Vi sono tuttavia delle eccezioni all’applicazione del limite del 20%:

   – i datori di lavoro che occupano fino a 5 dipendenti possono sempre stipulare un contratto di lavoro a tempo determinato;
   – i sindacati più rappresentativi possono stipulare contratti collettivi nazionali di lavoro che stabiliscono limiti quantitativi diversi per il ricorso ai contratti di lavoro a termine; possono inoltre stabilire un criterio di computo diverso da quello legale (per esempio facendo riferimento al totale dei lavoratori mediamente occupati in un determinato arco temporale);

È importante inoltre ricordare che il computo del limite del 20% non è applicabile alle seguenti tipologie di lavoratori:

   – i lavoratori con contratti di lavoro a tempo determinato stipulati dagli enti di ricerca, pubblici e privati e i lavoratori chiamati a svolgere in via esclusiva attività di ricerca scientifica o tecnologica, di assistenza tecnica alla stessa o di coordinamento e direzione della stessa. Per i ricercatori inoltre il rapporto di lavoro potrà superare i 36 mesi di durata per consentire il compimento del progetto di ricerca in funzione del quale sono stati assunti;
   – i lavoratori accessori, quelli intermittenti privi di indennità di disponibilità, i parasubordinati, i lavoratori autonomi, gli associati in partecipazione. Rientrano invece nella base di computo rientrano i lavoratori part-time, in proporzione dell’orario svolto, i dirigenti e gli apprendisti.

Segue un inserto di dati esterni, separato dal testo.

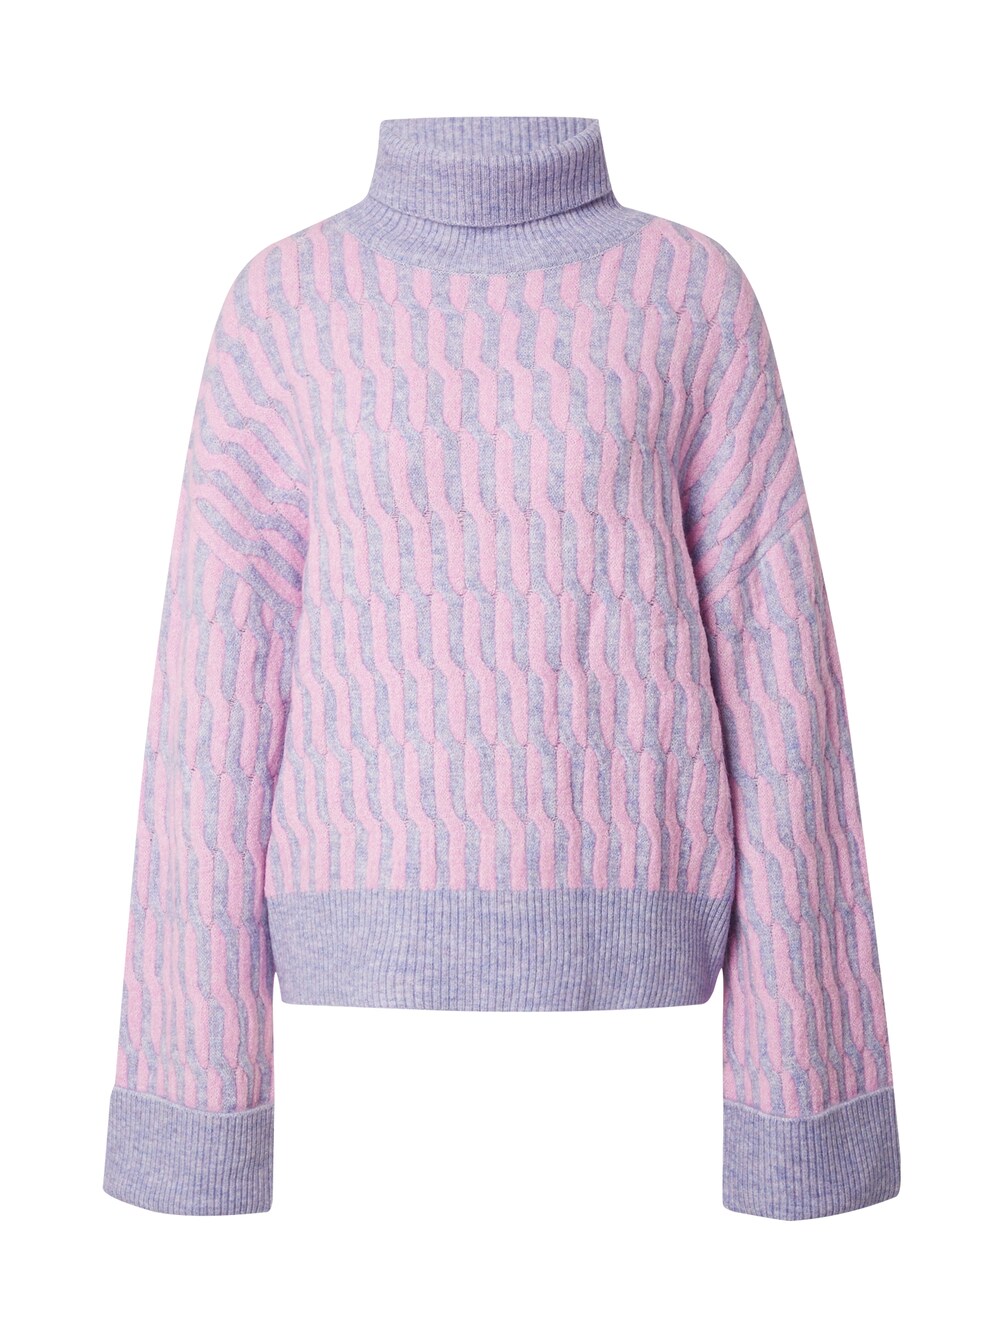 Свитер About You, светло-фиолетовый/розовый свитер about you светло фиолетовый розовый

 5) Diritto di precedenza: il lavoratore a termine che ha prestato attività lavorativa per un periodo superiore a 6 mesi ha diritto di precedenza per quanto riguarda le assunzioni a tempo indeterminato (in relazione alle medesime mansioni oggetto del contratto a termine) nella stessa azienda entro i successivi 12 mesi. Alla luce delle ultime novità normative, viene stabilito che il congedo obbligatorio di maternità per le lavoratrici, nel caso in cui sia intervenuto nel corso di un precedente contratto a termine, concorra a determinare il periodo complessivo di prestazione lavorativa utile al diritto di precedenza.

Si prevede, inoltre, che il diritto di precedenza valga non solo per le assunzioni con contratti a tempo indeterminato (come già previsto dalla normativa vigente), ma anche per le assunzioni a tempo determinato effettuate dal medesimo datore di lavoro.

Infine, si stabilisce che il datore di lavoro ha l’obbligo di richiamare espressamente il diritto di precedenza del lavoratore nell’atto scritto con cui viene fissato il termine del contratto.